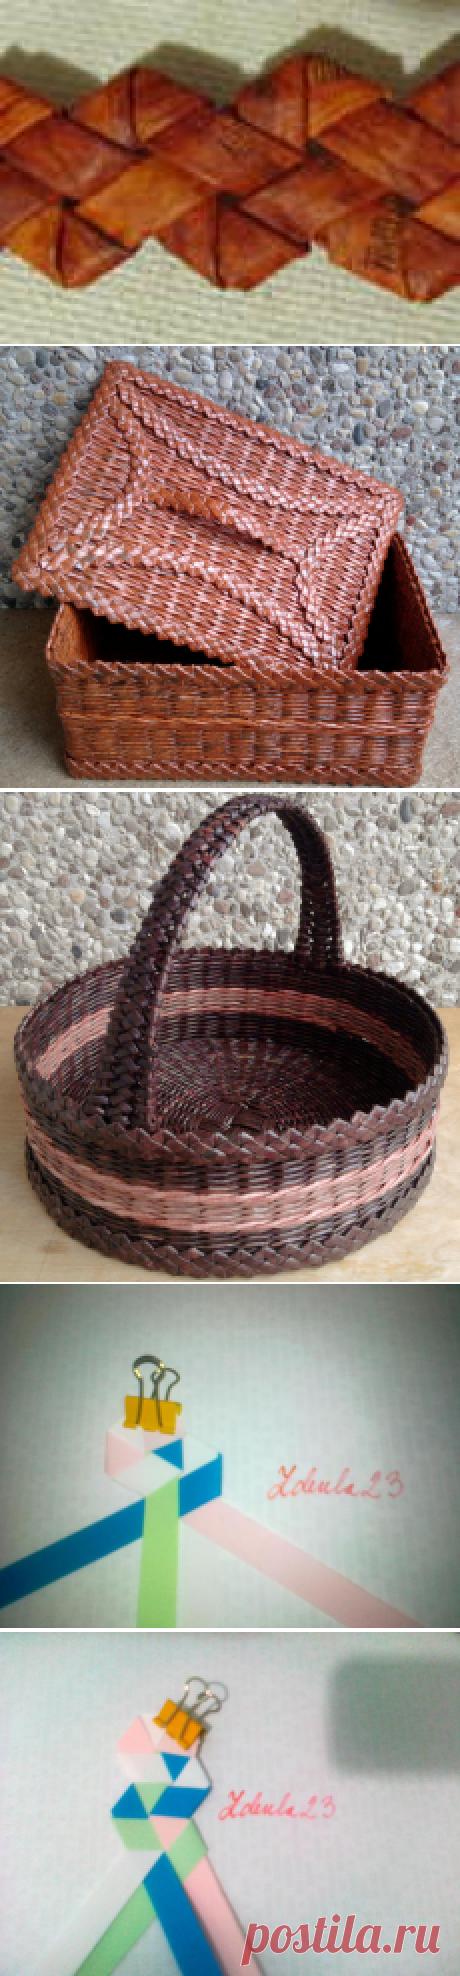 Плетение из газет. Фигурная косичка для декорирования плетенок. МК
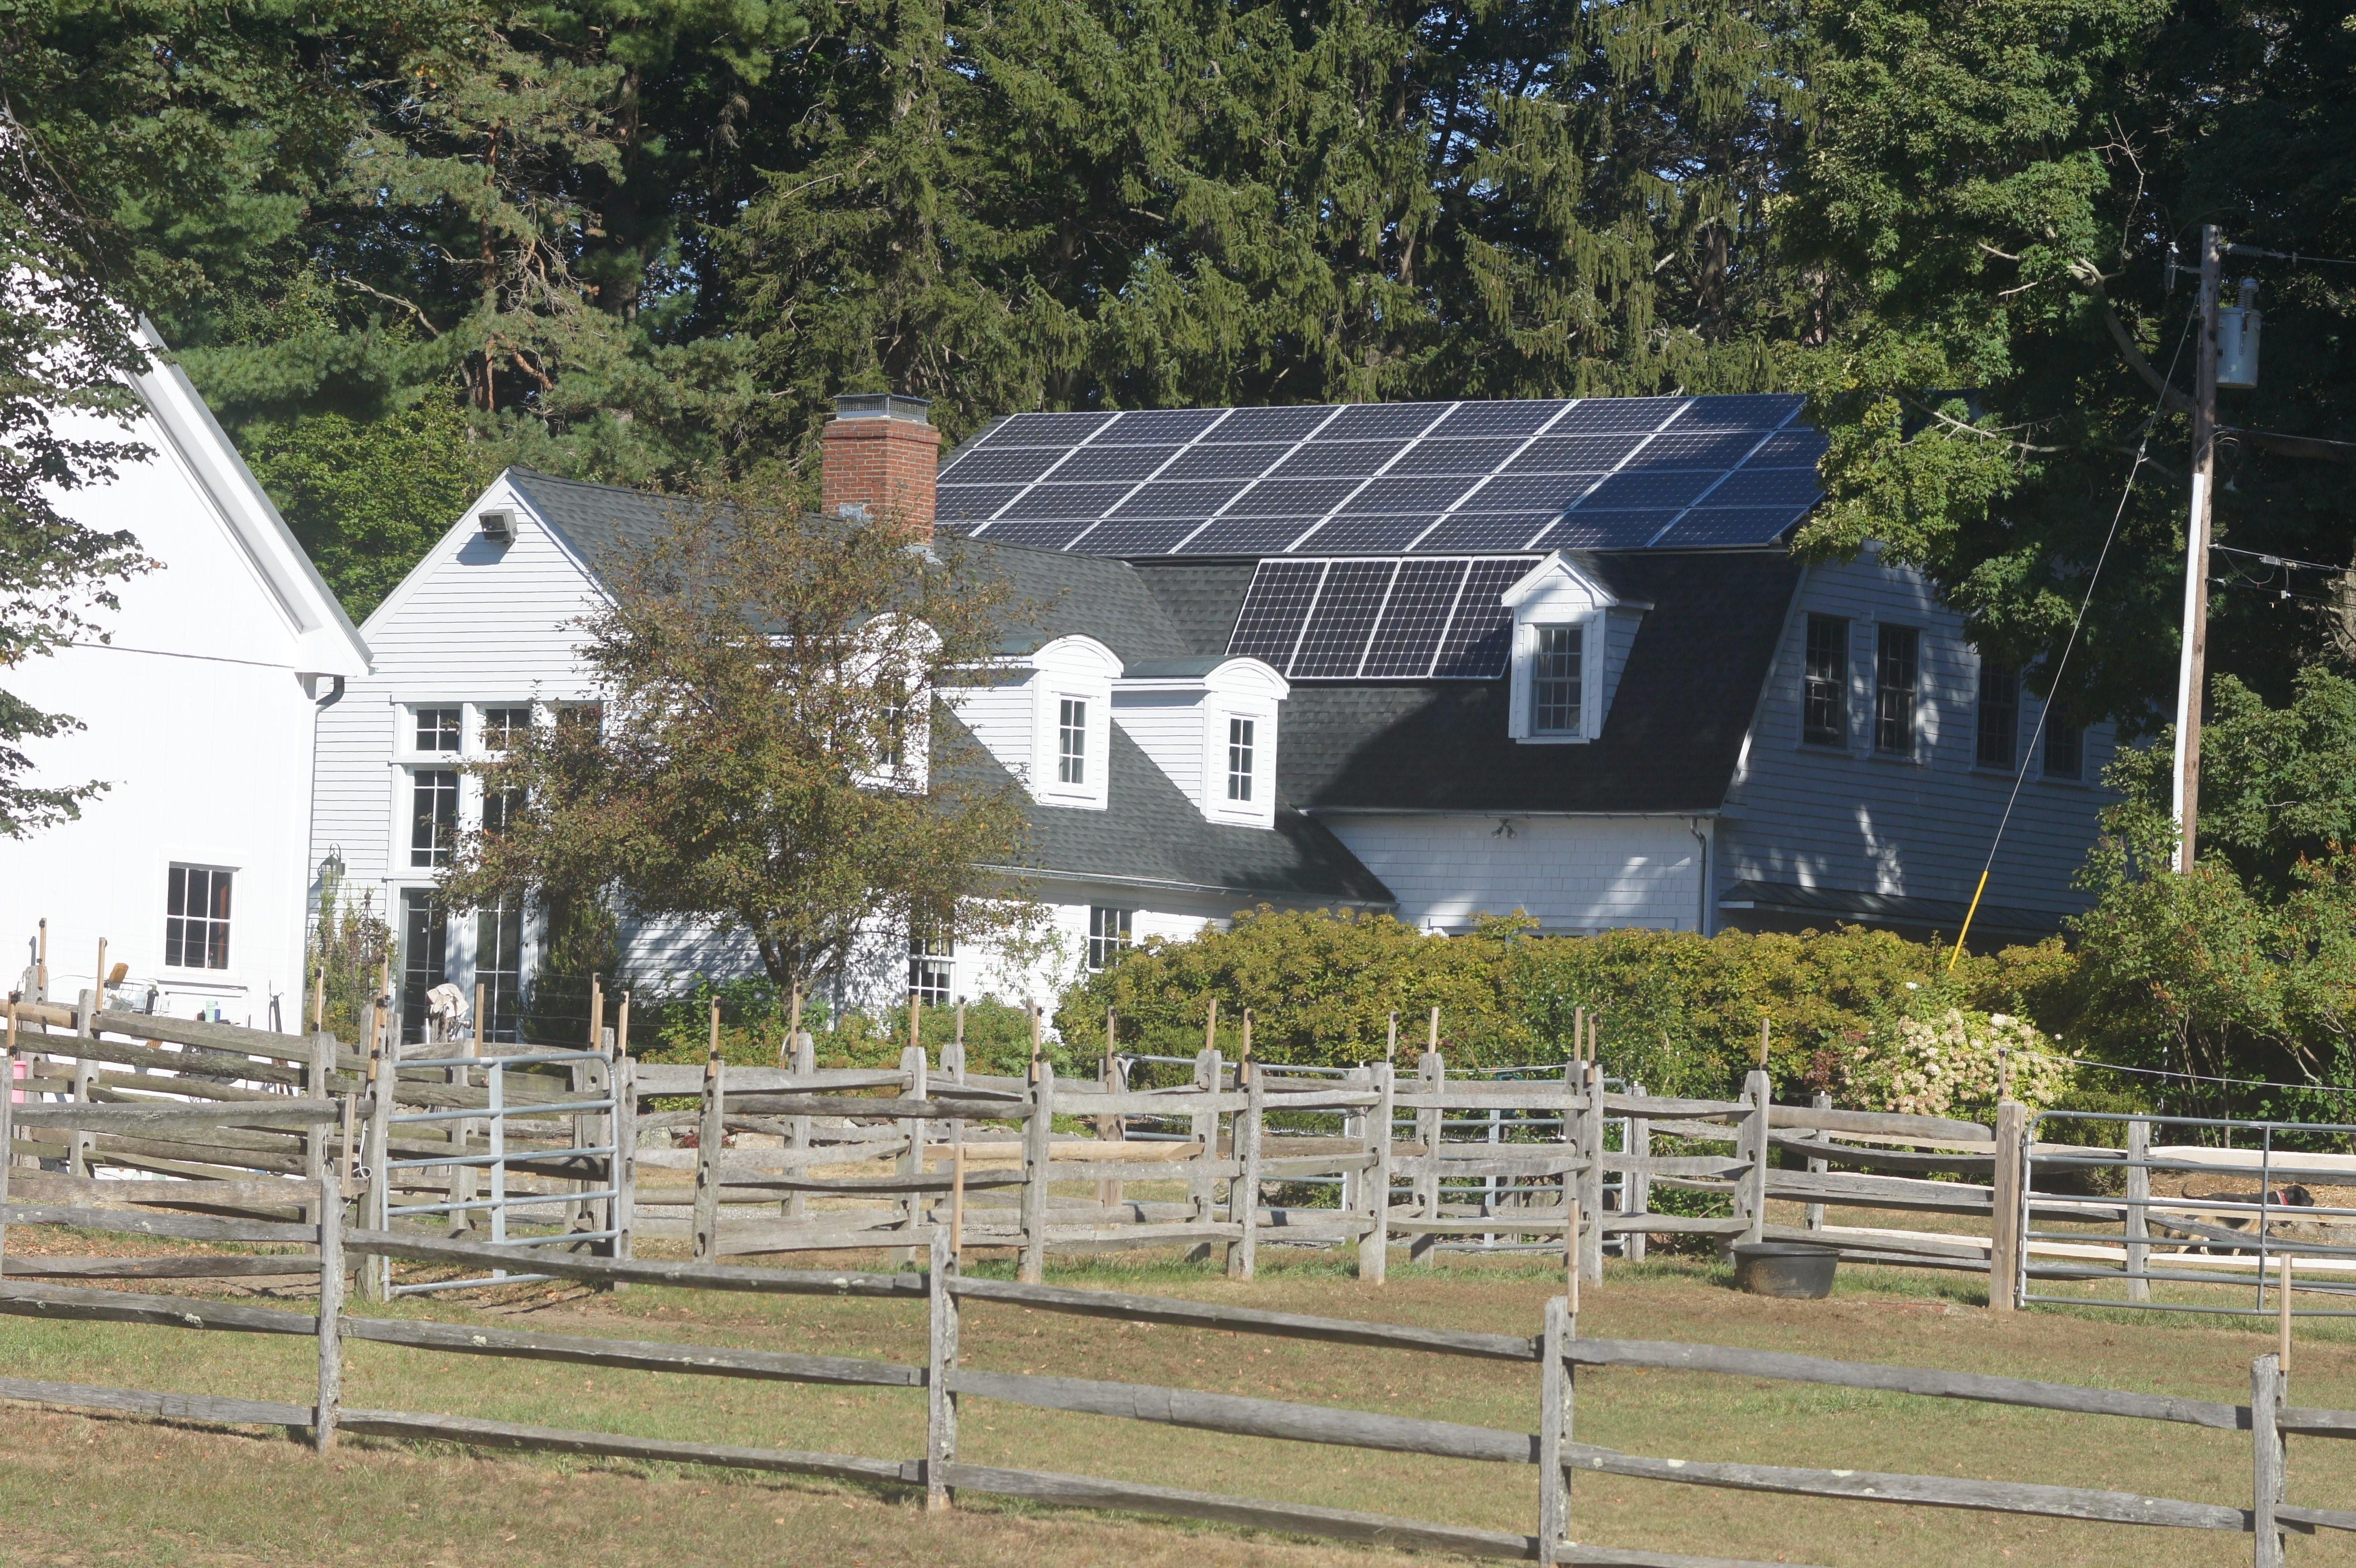 10 miles river road solar
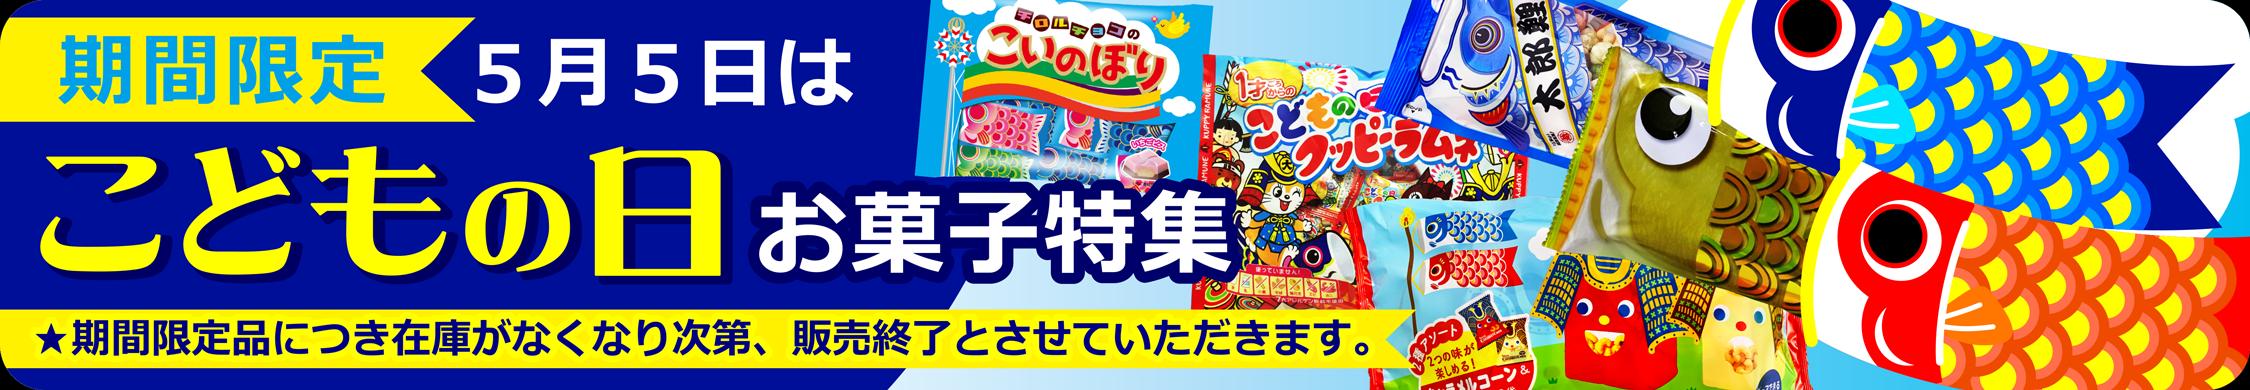 5月5日はこどもの日♪2019こどもの日限定お菓子特集
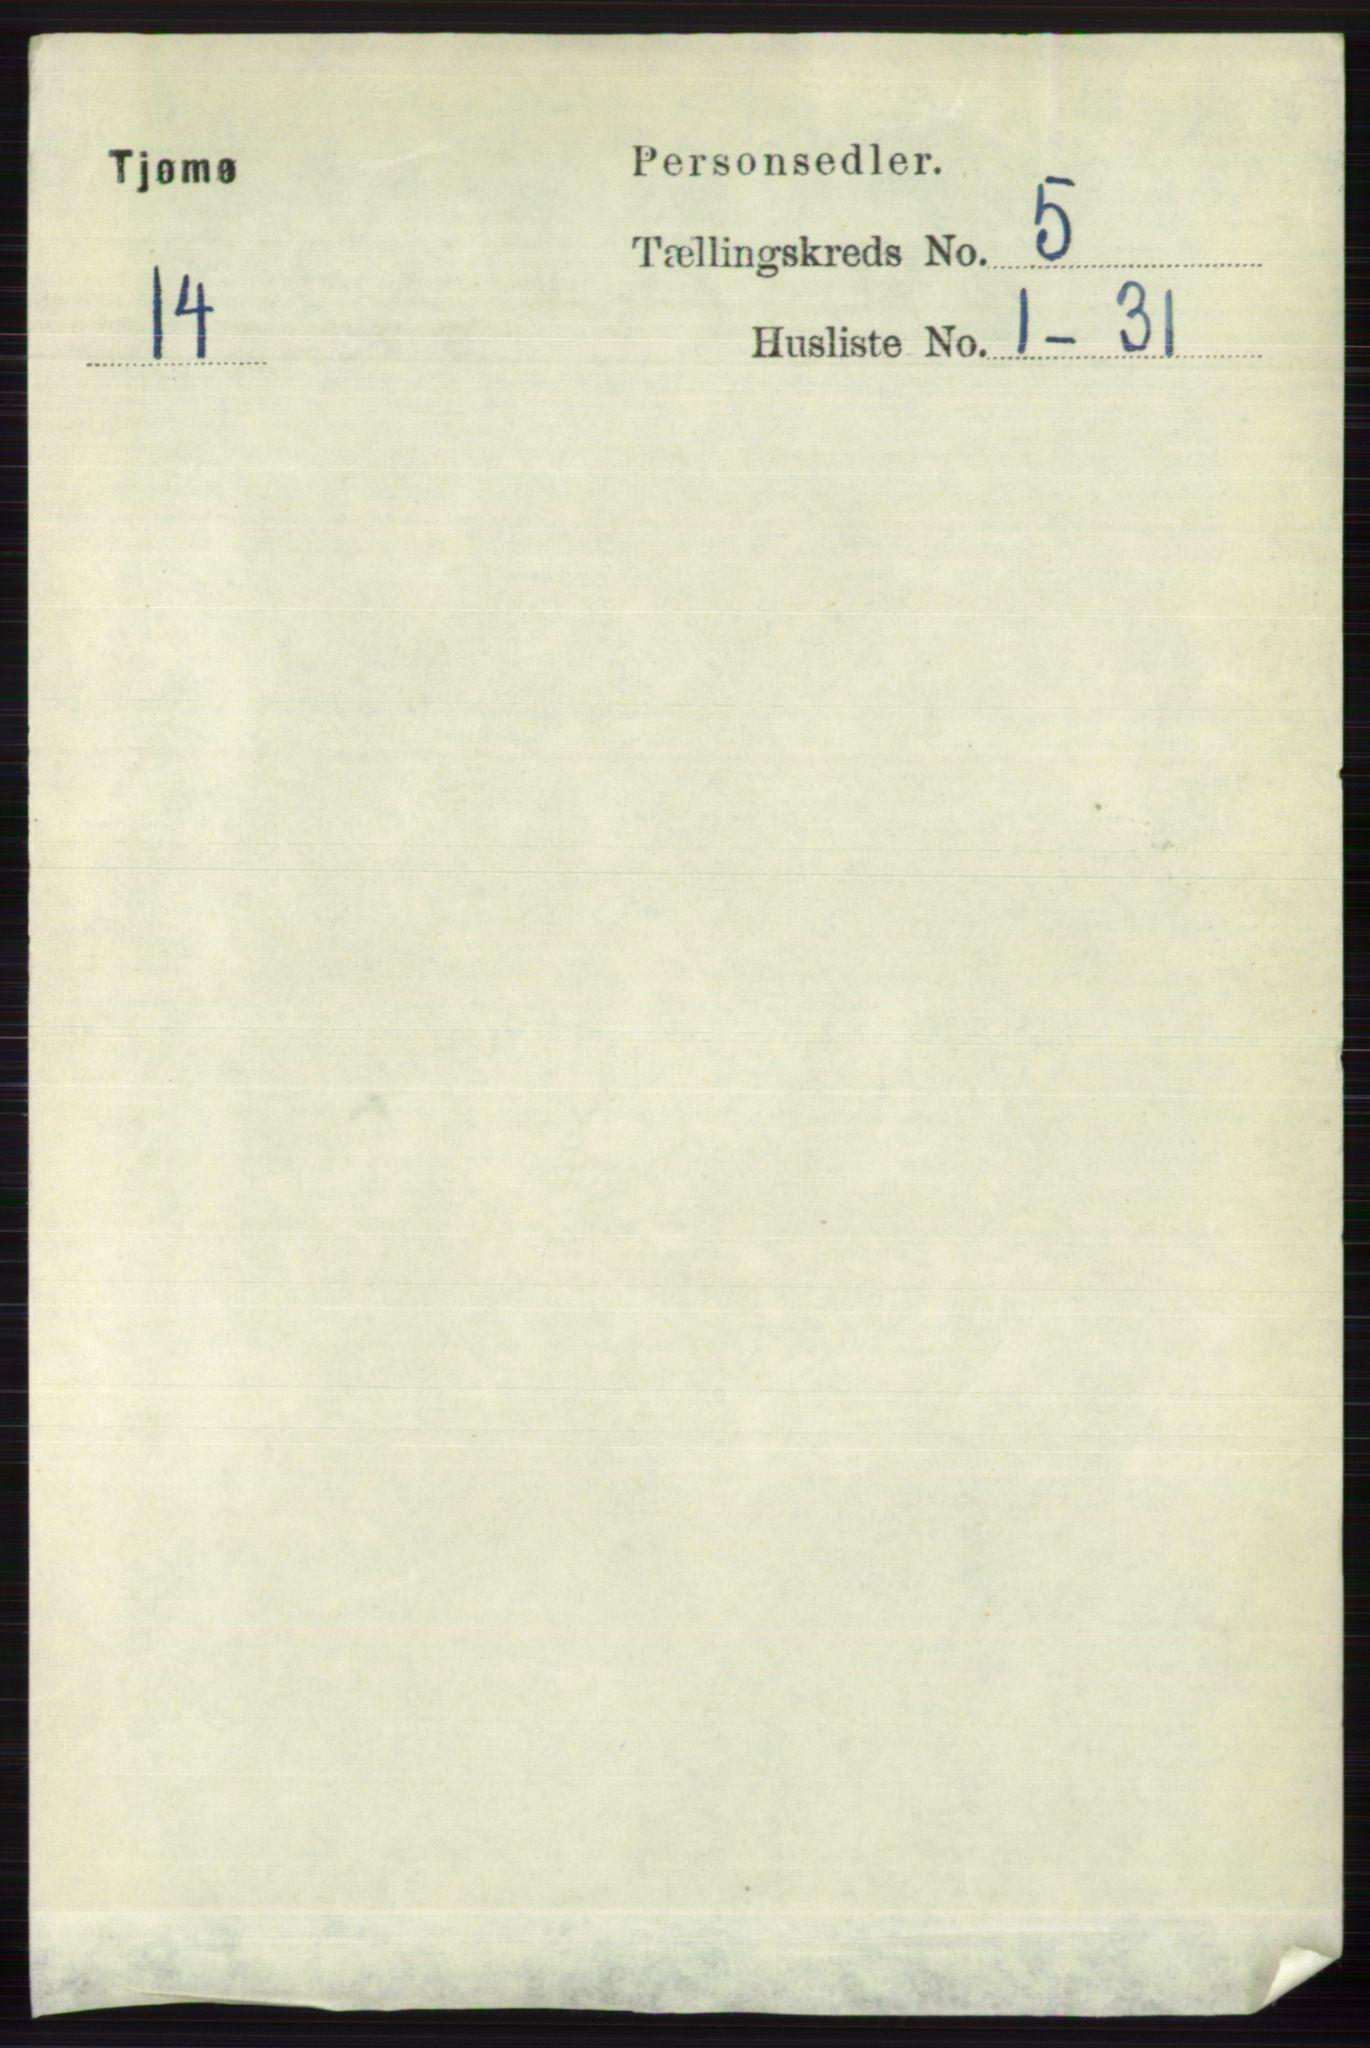 RA, Folketelling 1891 for 0723 Tjøme herred, 1891, s. 1667

### WHAT THE EXERCISE ASKS:
Print the data once more without any change, skipping each picture.

### SOLUTION BELOW:
 Плетение из газет. Фигурная косичка для декорирования плетенок. МК
 10 miles river road solar
 5月5日はこどもの日♪2019こどもの日限定お菓子特集
 RA, Folketelling 1891 for 0723 Tjøme herred, 1891, s. 1667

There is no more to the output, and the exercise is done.